Since their discovery by Roentgen more than a century ago, x-rays have played a major role in modern medicine. The first recorded use of x-rays for the treatment of cancer occurred within 1 year of their discovery. Subsequently, there has been intensive study of x-rays and other ionizing radiations, and their clinical application to cancer treatment has become increasingly sophisticated. This chapter and Chapter 16 review the biological effects of ionizing radiation and the application of that knowledge to cancer treatment.

The present chapter begins with a review of the physical properties of ionizing radiations and the effects of energy deposition in cells. The molecular and cellular processes that ensue will be described, as well as response pathways that influence radiosensitivity and proliferation.
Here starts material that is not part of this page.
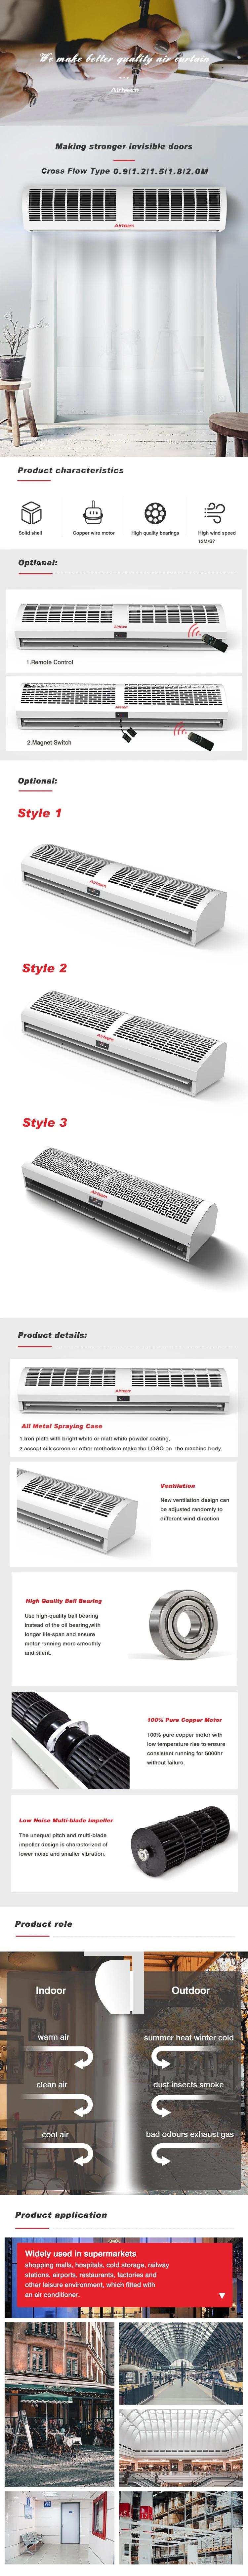 1200mm Residential and Commercial Door Air Isolation Cross Flow Air Curtain

15.2 INTERACTION OF RADIATION WITH MATTER

15.2.1 Types of Radiation, Energy Deposition, and Measurements of Radiation Dose

X- and γ-rays constitute part of the continuous spectrum of electromagnetic (EM) radiation that includes radio waves, infrared (heat), ultraviolet (UV), and visible light (Fig. 15–1). All types of EM radiation can be considered as moving packets (quanta) of energy called photons. The amount of energy in each individual photon defines its position in the EM spectrum. For example, x- or γ-ray photons carry more energy than heat or light photons and are therefore at the high-energy end of the EM spectrum. Individual photons of x- or γ-rays are sufficiently energetic that their interaction with matter can result in the complete displacement of an electron from its orbit around the nucleus of an atom. Such an atom (or molecule) is left with a net (positive) charge and is thus an ion; hence the term ionizing radiation. Typical binding energies for electrons in biological material are in the neighborhood of 10 eV (electron volts). Thus, photons with energies greater than 10 eV (ie, x- or γ-rays) are considered to be ionizing radiation, whereas photons with energies of 2 to 10 eV are in the UV range and are nonionizing. An interaction that transfers energy, but does not completely displace an electron, is called an excitation because it leaves the atom or molecule in a higher-energy state.

FIGURE 15–1

EM spectrum showing the relationship of photon wavelength in centimeters (cm) to its frequency in inverse seconds (s−1) and to its energy in joules (J) and electron volts (eV). The various bands in the spectrum are indicated. Slanted lines between bands indicate the degree of overlap in the definition of the various bands.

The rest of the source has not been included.